/---
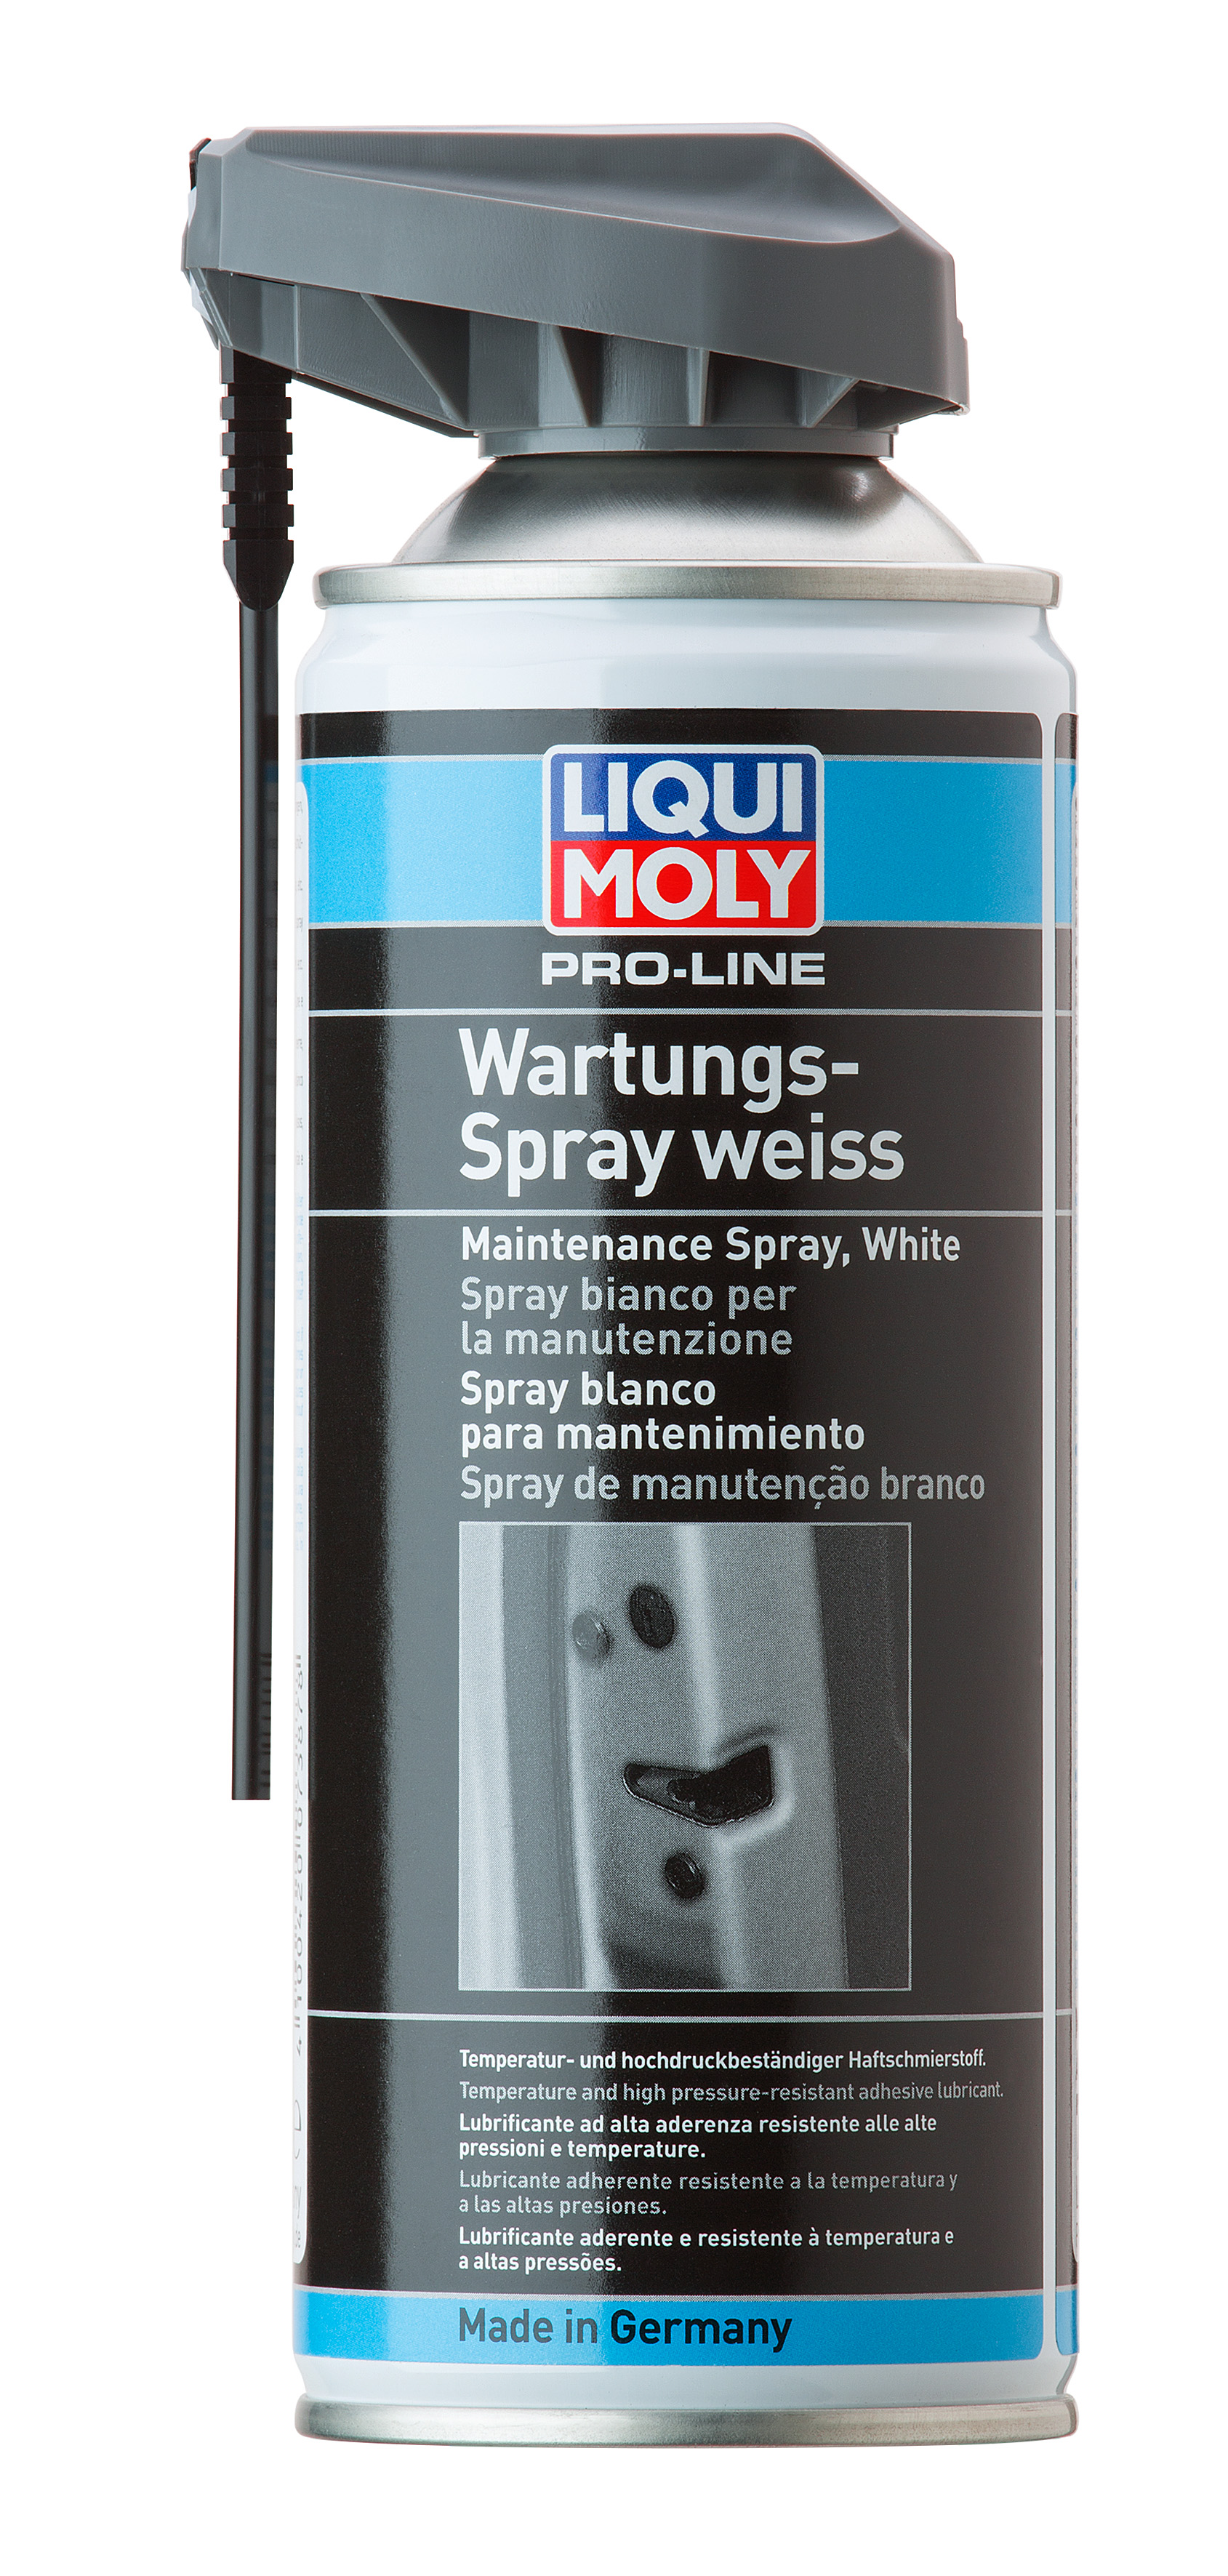 LIQUI MOLY 7387 Pro-Line Wartungs-Spray weiß Wasserbeständig Haftfest 400ml
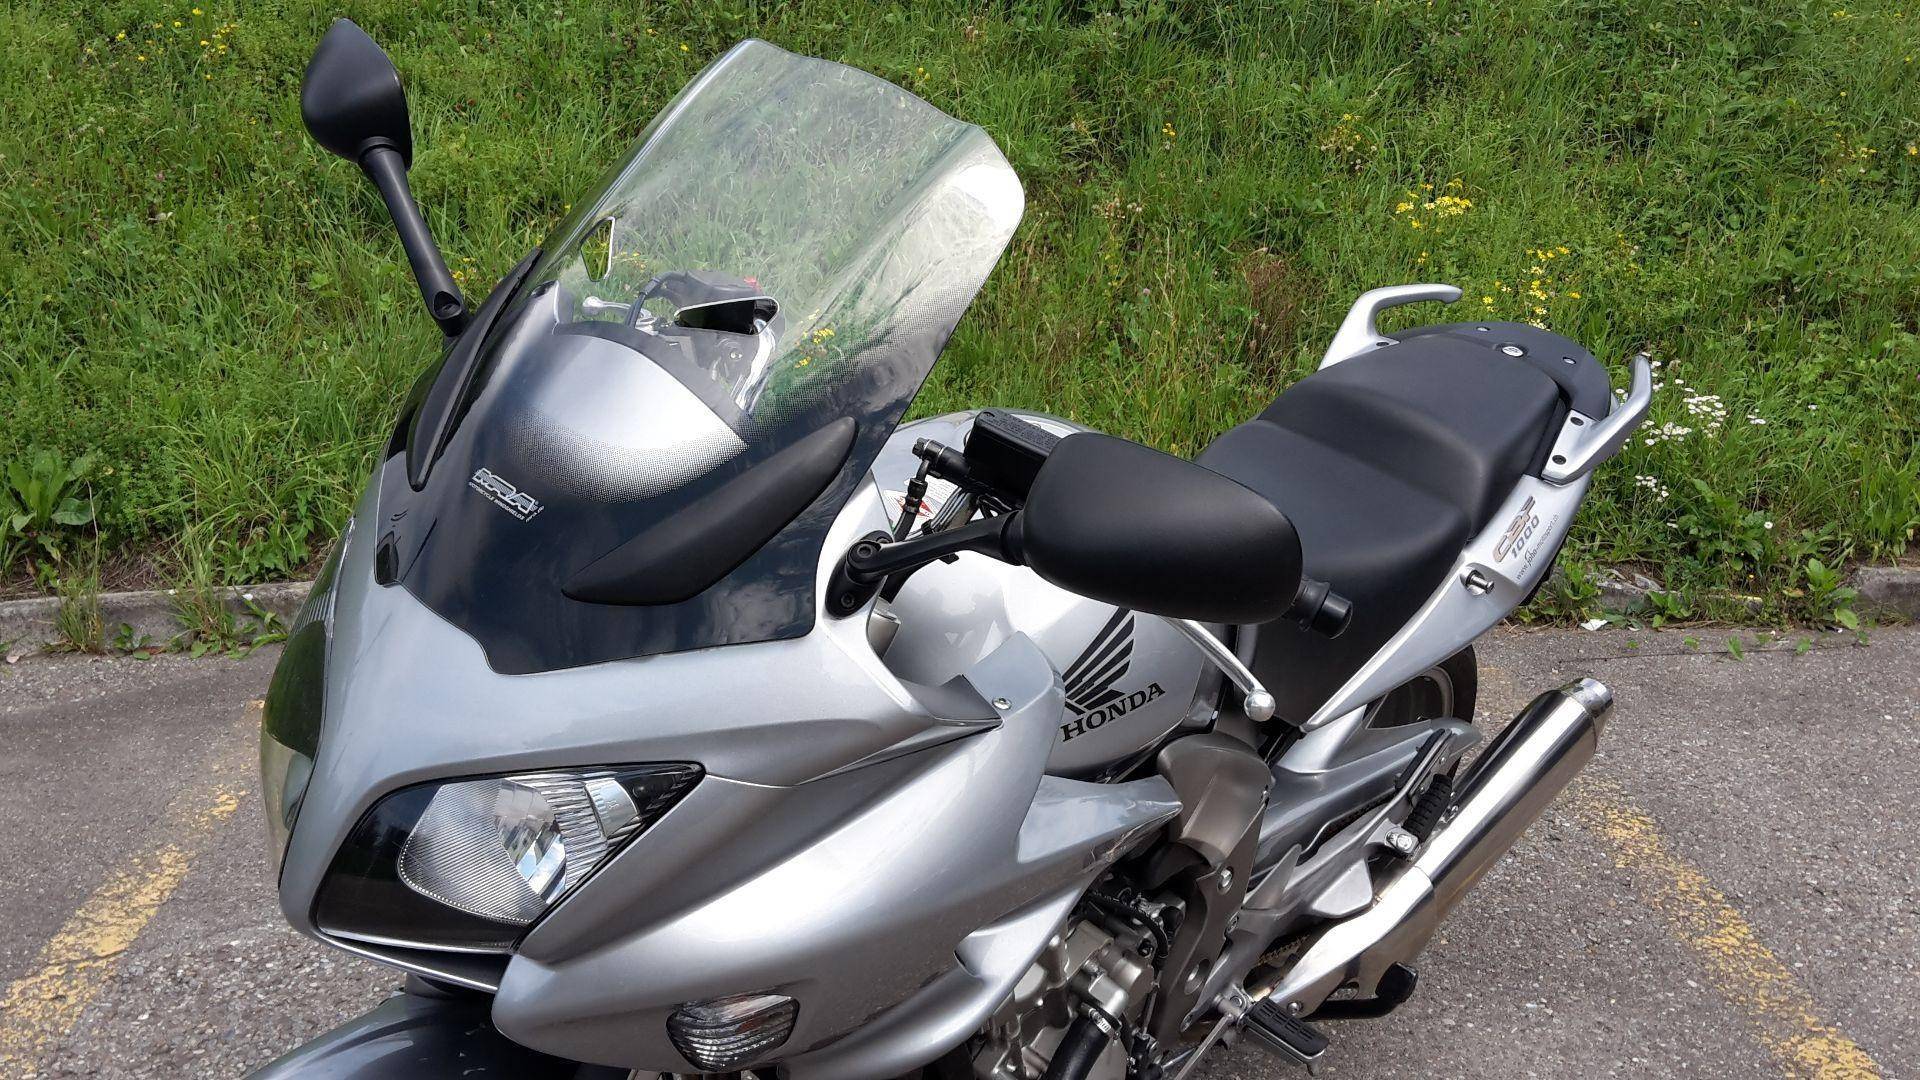 Мотоцикл honda cbf 1000 f abs 2011: излагаем суть
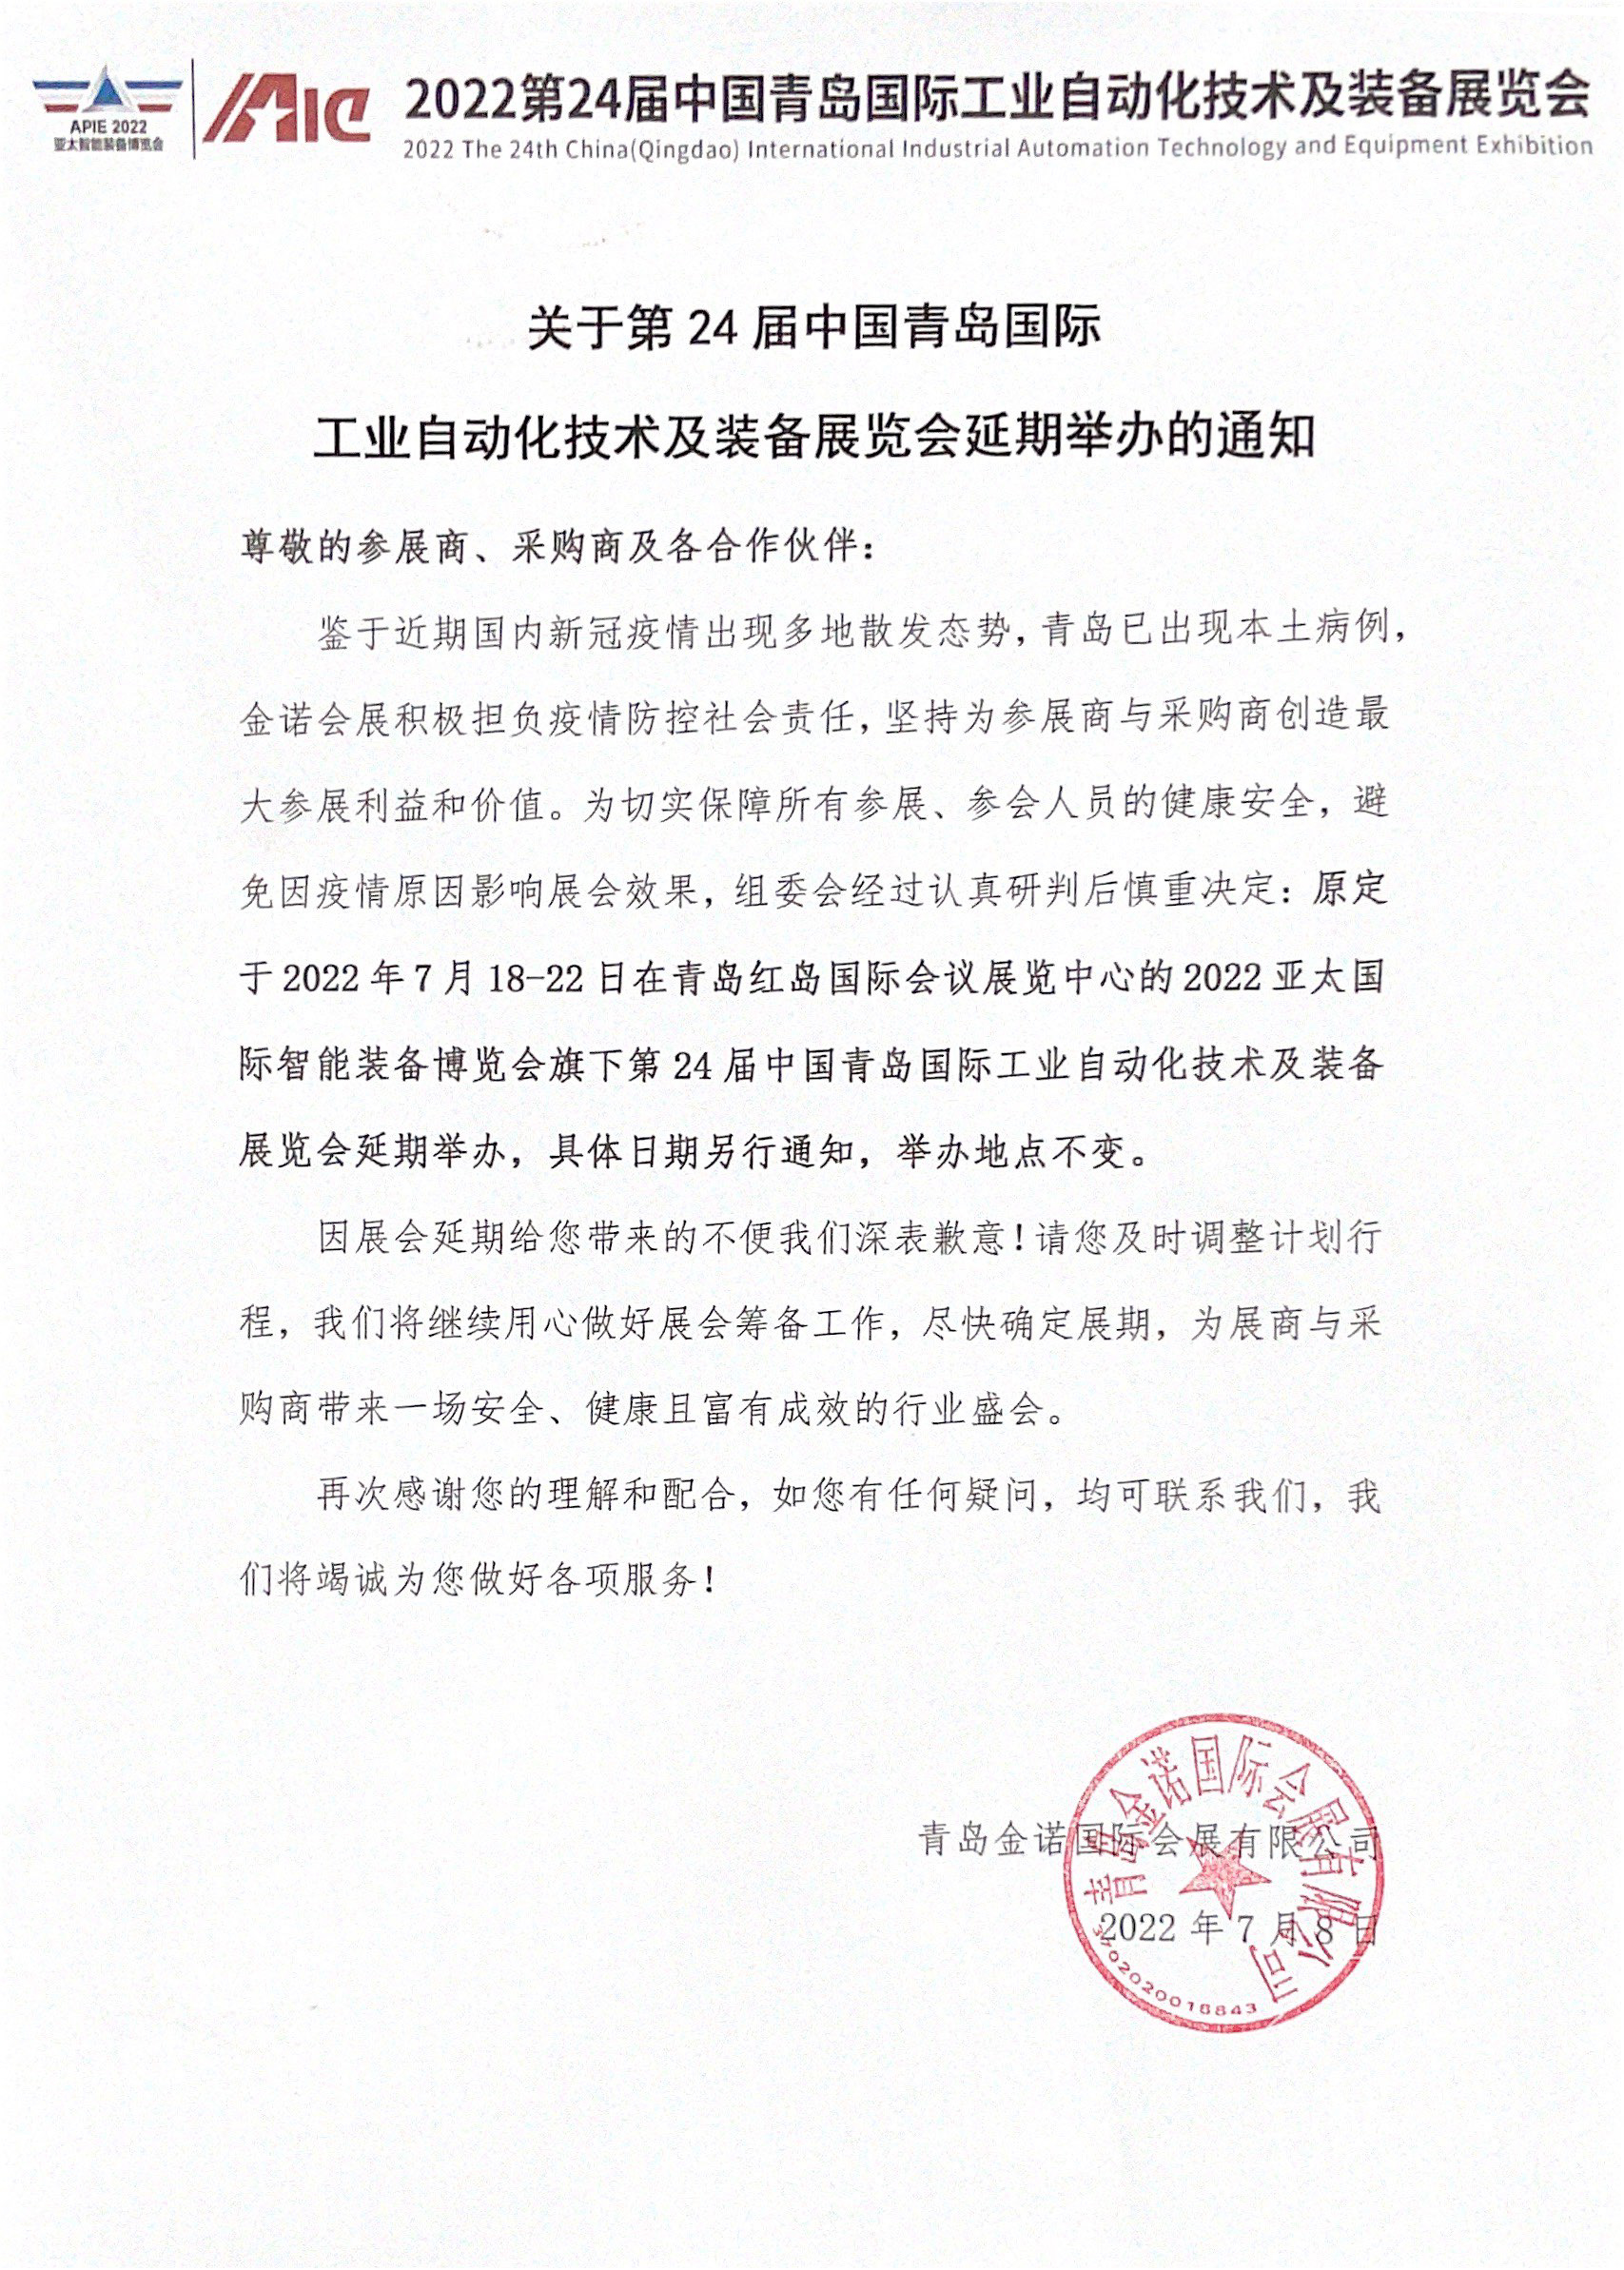 关于第24届中国青岛自动化技术及装备展览会延期举办通知
\---
■ Work instructions ■
In the copy, keep every line of the data above exactly and drop each picture.

■ Written solution ■
 LIQUI MOLY 7387 Pro-Line Wartungs-Spray weiß Wasserbeständig Haftfest 400ml
 Мотоцикл honda cbf 1000 f abs 2011: излагаем суть
 关于第24届中国青岛自动化技术及装备展览会延期举办通知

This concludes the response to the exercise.